Thanks to the Europeans in the Age of Exploration,
their missionaries,
and the Western-dominated global scholastic culture of the modern age,
most languages in the world have one or more Latin transcriptions,
even those that do not use it as their primary writing system.
The Latin alphabet is a phonetic system with disjoint letterforms,
and typically uses spaces between words.
This allows it to use inter-word justification,
although it can and sometimes does increase the spacing between individual letters as well.
Since it is frequently adopted into other writing systems,
it can sometimes adopt characteristics of that system;
for example, some styles of Japanese typesetting
treat Latin letters the same as Japanese characters
for the purpose of line-breaking and justification.
<ul>
<li><a href="https://www.w3.org/TR/dpub-latinreq/#justification">Latin Layout Requirements: Justification</a>
</ul>
<h3 id=ethiopic>
Ethiopic Writing System</h3>
Like Latin, the Ethiopic writing system uses an alphabet of disjoint letters
and uses punctuation to indicate the break between words.

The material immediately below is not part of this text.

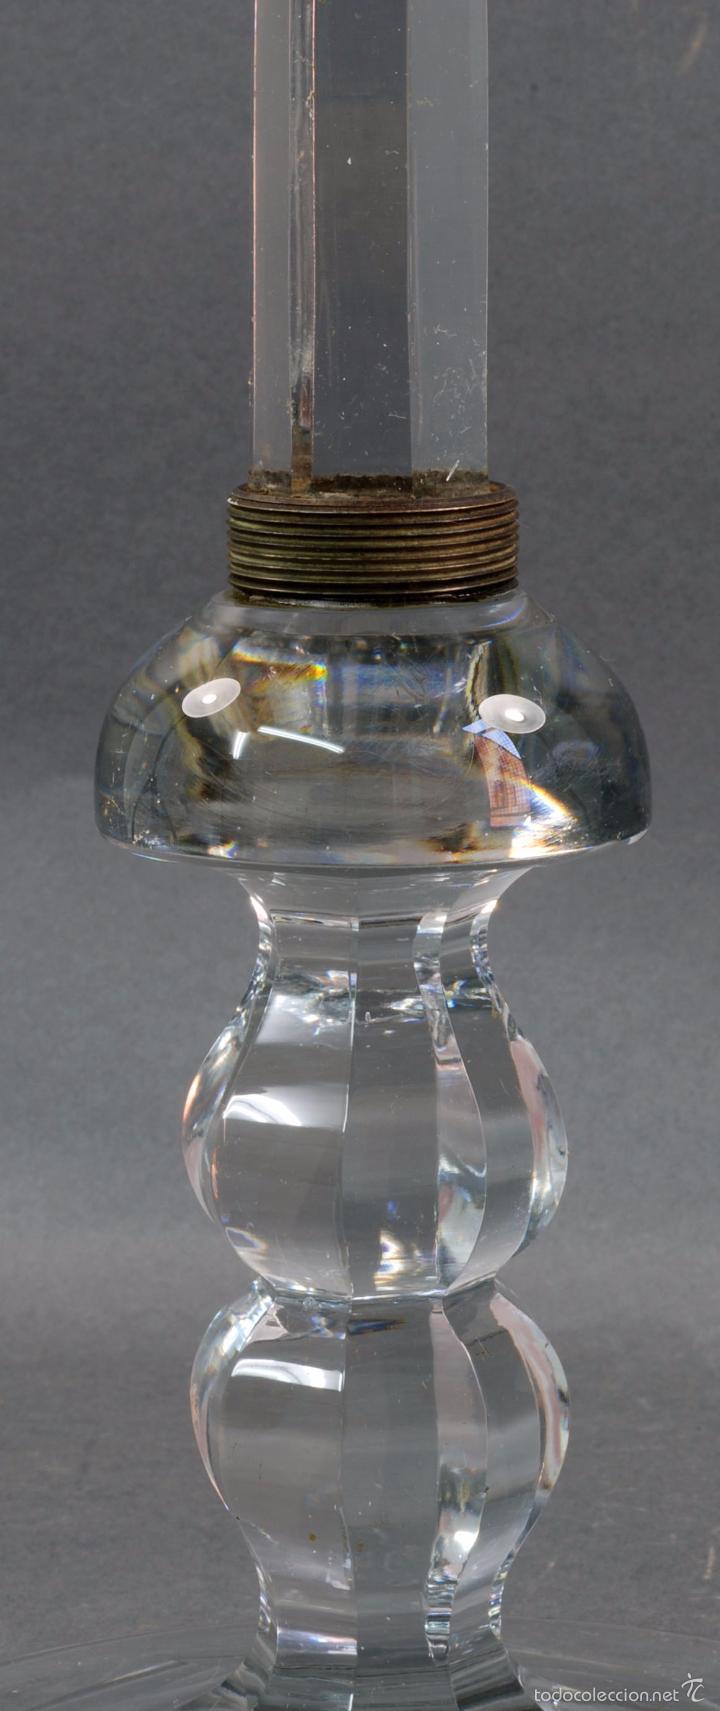 Antigüedades: Frutero dulcera cristal Baccarat PP S XX - Foto 4 - 58262291
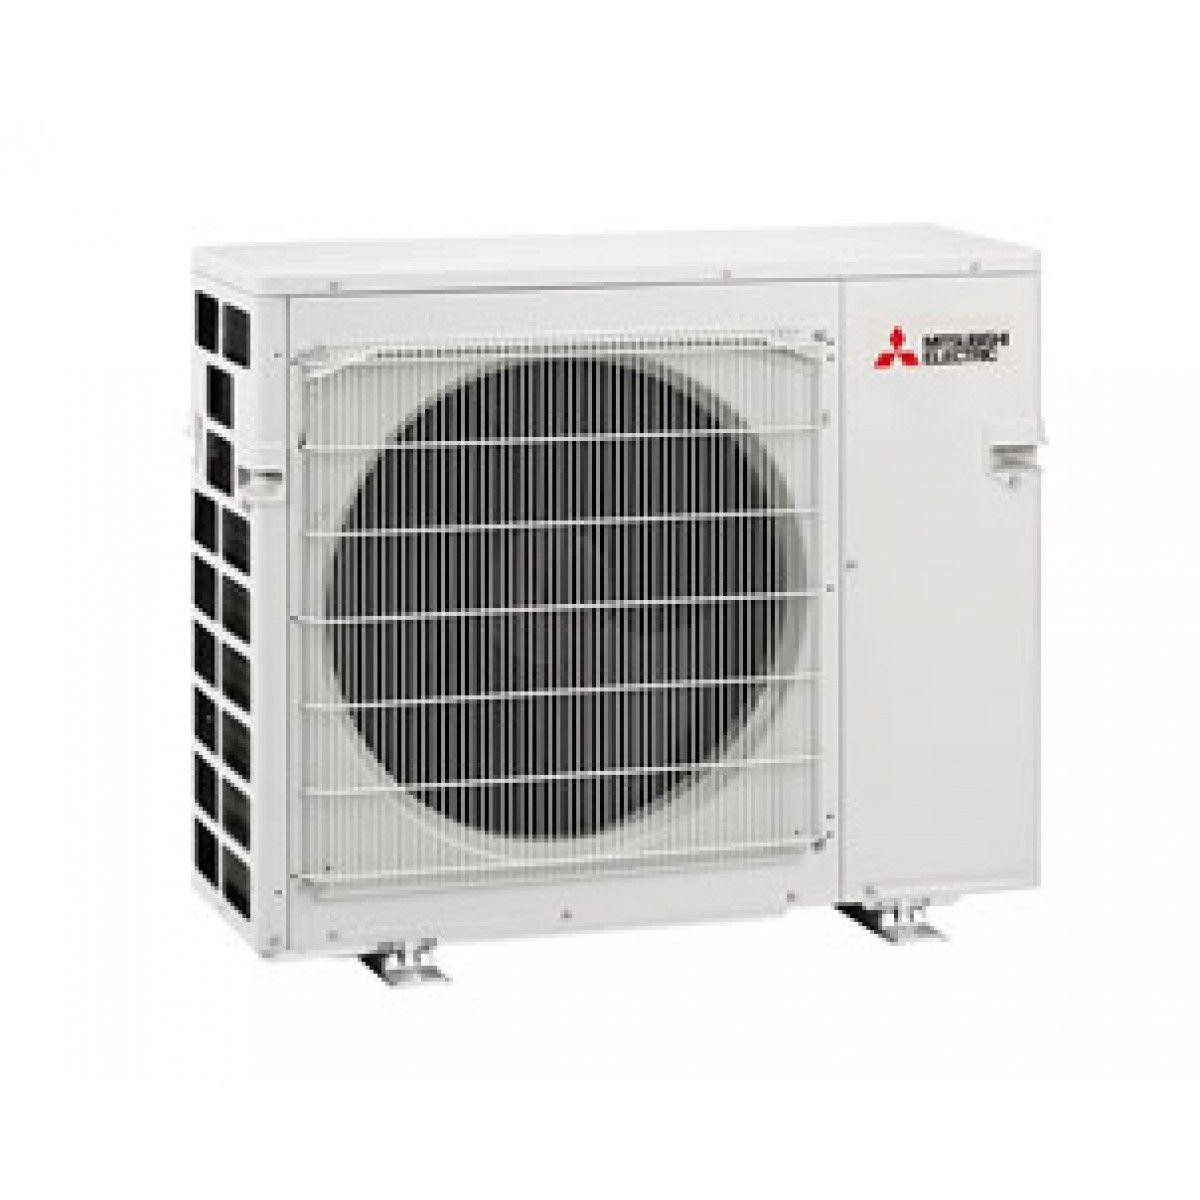 Mitsubishi Split Ac Review: MXZ-4A36NA Split Air Conditioning And Heating 36K Btu

Unlike Latin, Ethiopic traditionally uses a visible word separator--
the Ethiopic Word Space U+1361 “፡”--
although modern documents sometimes use a regular space U+0020 “ ” instead.
Justification strategies are as for Latin:
increasing the space at the word separator,
and/or distributing space between letters.
<ul>
<li><a href="https://w3c.github.io/elreq/#ethiopic_justification">Ethiopic Layout Requirements: Justification
</ul>
<h3 id=arabic>
Arabic Writing System (and Other Cursive Systems)</h3>
Arabic is a cursive script,
meaning its letters are typically joined together within a word.
This creates additional challenges,
as the usual method for stretching out text--
inserting spaces between glyphs--
does not work.
Since Arabic uses spaces between words,
one method for justification is inter-word justification--
stretching out the spaces within the line to fill it.
However, most styles of Arabic writing prefer calligraphic elongation or compression,
distorting the shapes and connections between letters
in order to fill the line while preserving its typographic color.
This is often called “kashida”, meaning “stretched”.
A simplistic variant of this technique inserts elongation marks
(sometimes represented with U+0640 “ـ” TATWEEL)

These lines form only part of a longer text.